It has been 3weeks and I have not seen a drop of blood. I never thought I’d say this but I actually miss my periods. What could be wrong. Maybe the cycle changed, I can hold on, I can wait for a few more days and maybe just maybe, my period will show up. A change in diet might trigger my system, maybe jogging, could Google have answers for me!? Am tired of the wait, it’s been four weeks. Pregnancy signs normally show up after 6weeks, I should monitor my weights but there hasn’t been anything unusual. It’s week 5 and I am having abnormal cravings, maybe i should visit a clinic and find out what’s going on. While i wait at the reception, my mind keeps drifting, what if a classmate finds me here, or a friend, what do I say? So i rise up from the small white chair in the waiting room and i ask the lady if they sell pregnancy tests? She smiles at me, she probably noticed my pale worried face. And she offers me one for free.
I forgot to say thank you, I immediately rushed out and stuffed the test in my purse and held it tight. I rushed to my hostel room, locked the door and sunk to the floor and cried, looking at the heavens and hoping that God makes a way. I calm myself down and walk to the bathroom. I squart on the toilet seat as i rip the test open and take the pee sample. And now I wait.
I have pictured this moment so many times. Basing on the stories I have heard, the movies I have watched, the stupid mistakes that brought me close to this moment. And nothing, nothing has proved to be more scary than being pregnant at this age. My education, my image, meanwhile I am broke, like literally broke. So whose going to take care of this baby, who!? My life doesn’t go back to normal, never. Cause now my thoughts are all about me and my baby. And as we celebrate “sexual freedom”, don’t forget about the other parties that are involved in this. For my part, my big brothers that are trying to give me the world, my mother whose already going through so much and my baby sister who adores my ass. There is so much on the line.

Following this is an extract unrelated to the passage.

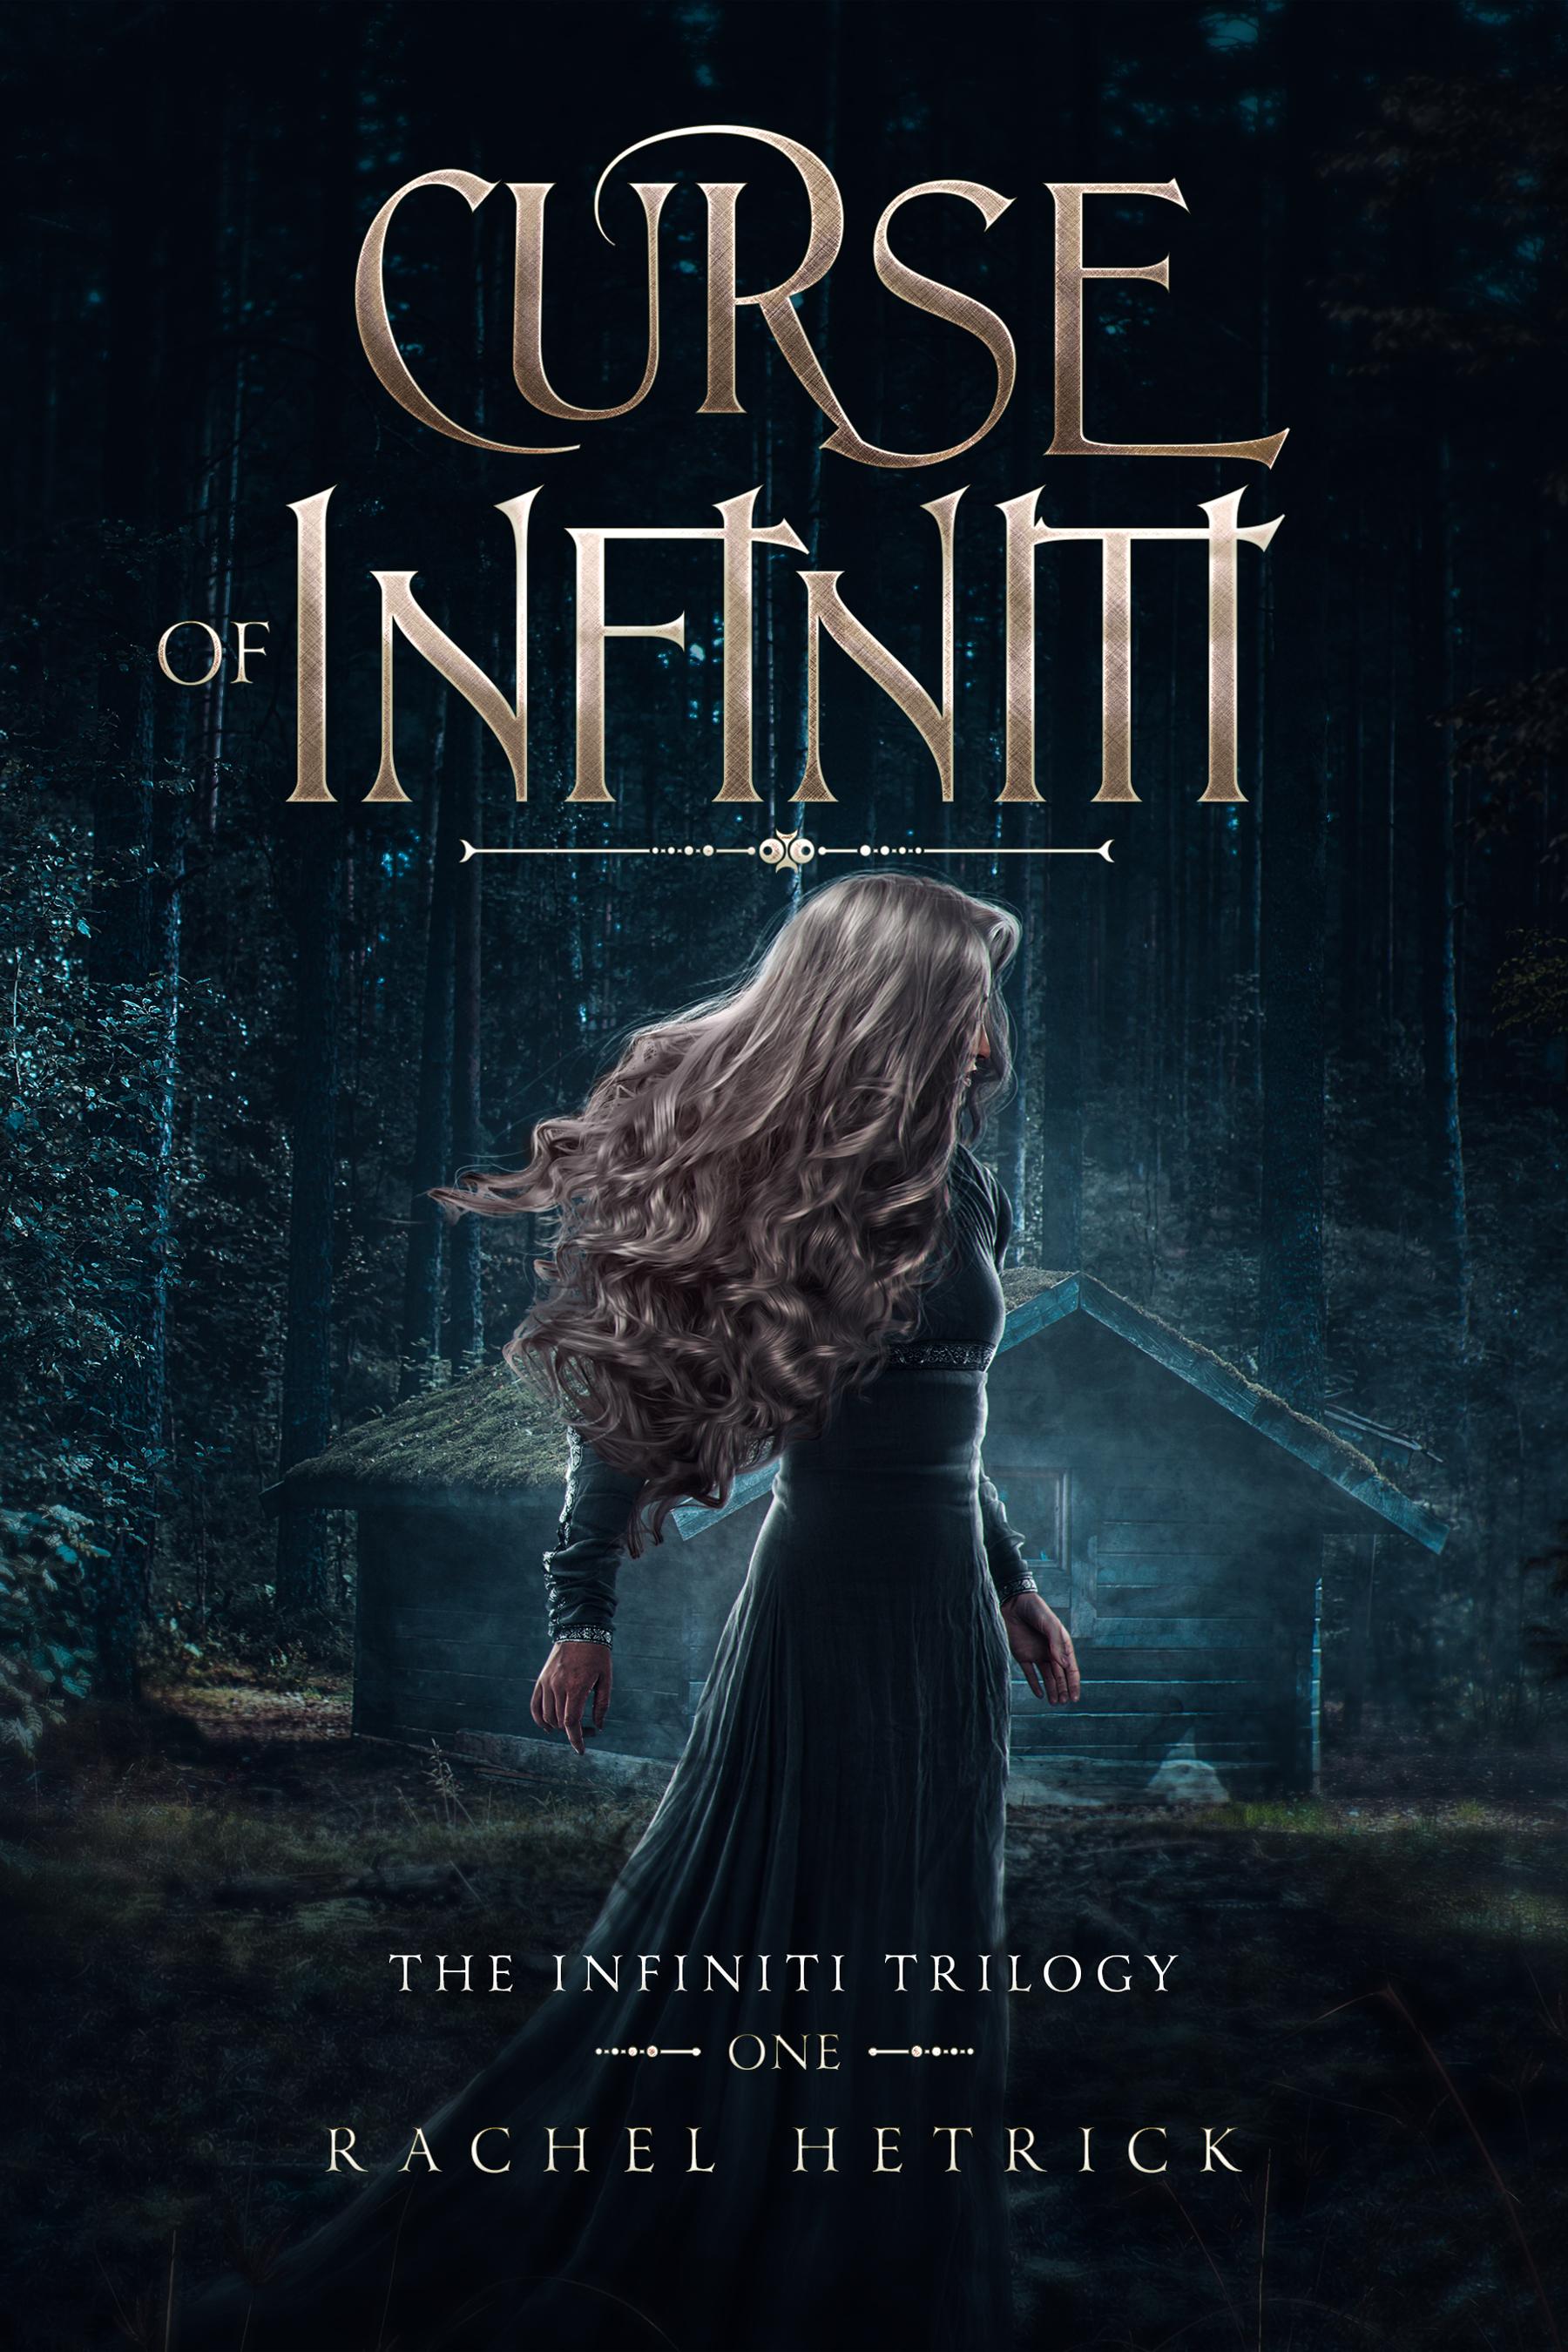 Curse of Infiniti (The Infiniti Trilogy #1)

But then again, do young mothers deserve the shaming that’s done by their family, friends and the society. Why do we cast them out!? I am not trying to protect them neither am I trying to crucify them but now that it has happened, what is next for them and their children!? Why are we quick to judge a 21 year old who has a baby but then come up with excuses to protect the ones that have aborted or rather act aloof like we don’t know about this. Both are choices, each with a different reason and story. So then why shame them.
You know I thought that since I am turning 21, some things would be “easy”. I mean it would be easy telling my mom about my relationships, about my first times, about my visit to the gynaecologist, and definitely a mess up that has led to a baby bump. Society will see me as stupid, a girl going to university, a girl with brains, how were you this impatient, what went wrong!? And then comes the friends, then the boy that got you pregnant, the neighbours, my family. there is so much that’s unknown. And the unknown is always scary and blurry and painful.
And funnily, a girl faces the most hardships during this time. I mean the worry that you missed your period, you asking your friends indirectly about such scenarios. It’s you that takes the test, it’s you that sees that double line or you listen to the doctor breaking it to you. The fear and anger cause you realise that you were reckless. The sleepless nights cause you are worried sick. The burden of telling the boy that got you pregnant is on you not forgetting, telling your parents. Then the dawn of the 9months and then you don’t know. The thought of all of this gets you to think about abortion. I cannot exhaust it all!
“Sex before marriage is a sin”, hold that thought. I just want us to stop passing on these issues as mere trespasses, as tragedies, as life ending situations. These things are real and we need to face them amidst our fears and doubts, let’s stop passing them on as the worst betrayals. They are worthy, she is worthy, she’s not unclean, she’s human.
Small confession; I didn’t know how to address this, I couldn’t say early pregnancy, or childhood pregnancy or young motherhood.